__Record excerpts__
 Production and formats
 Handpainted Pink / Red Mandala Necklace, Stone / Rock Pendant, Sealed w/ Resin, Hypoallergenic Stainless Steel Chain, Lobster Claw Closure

---

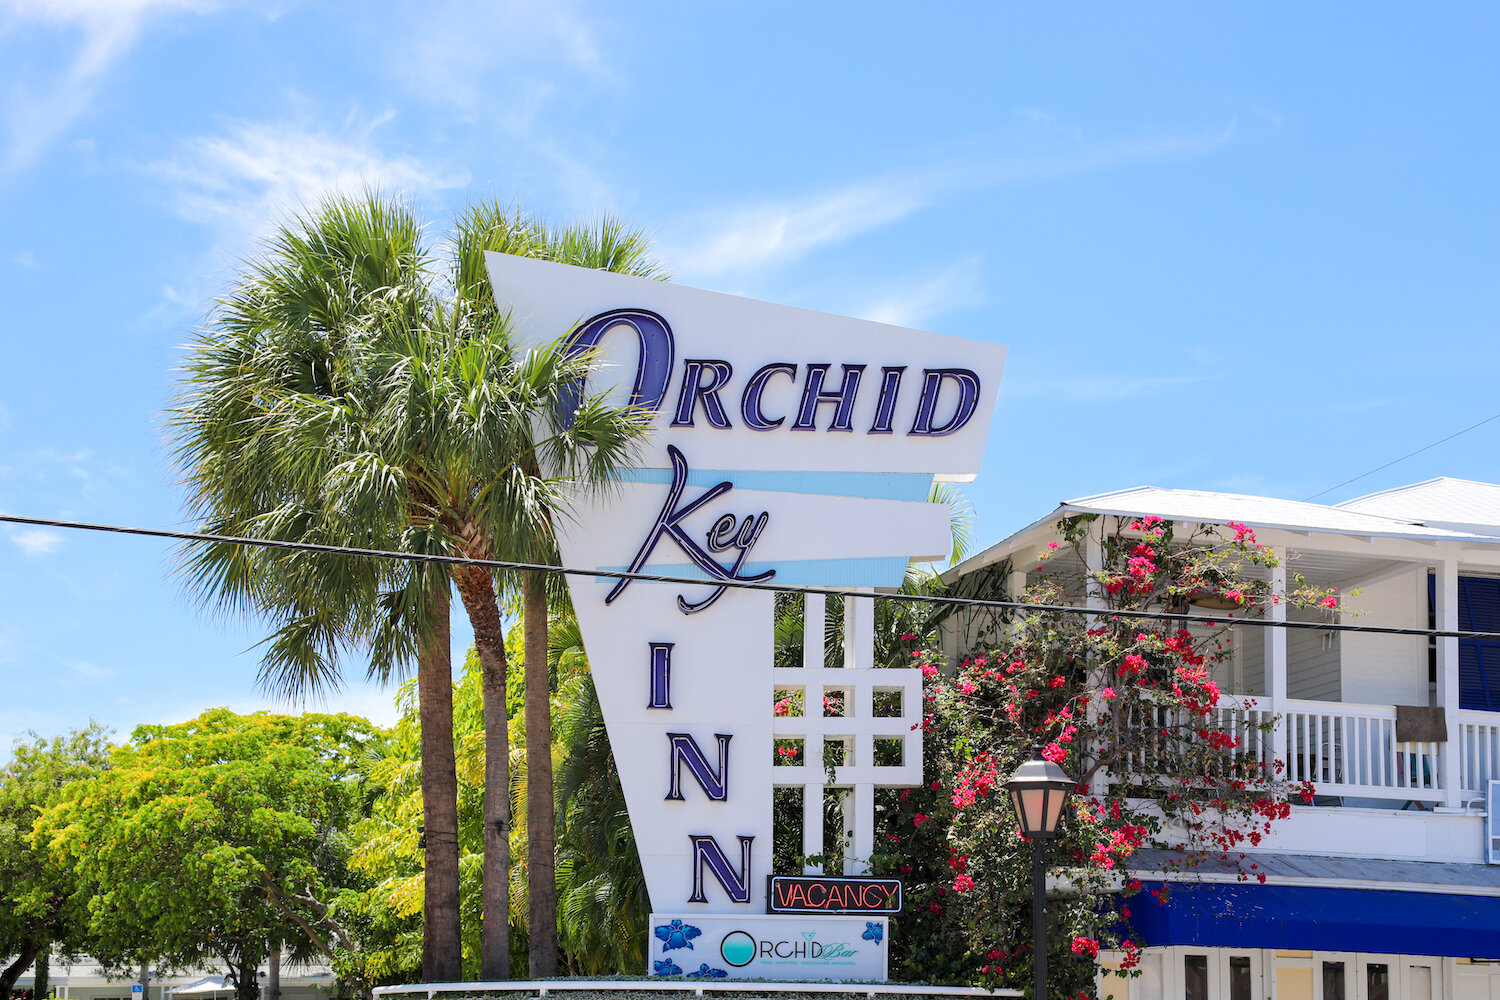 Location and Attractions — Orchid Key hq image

__Task goal__
Set down precisely the lines above between the line holding "Production and formats" and the line holding "Handpainted Pink /", inclusive, and nothing beyond them.

__Solution for this task__
 Production and formats
 Handpainted Pink / Red Mandala Necklace, Stone / Rock Pendant, Sealed w/ Resin, Hypoallergenic Stainless Steel Chain, Lobster Claw Closure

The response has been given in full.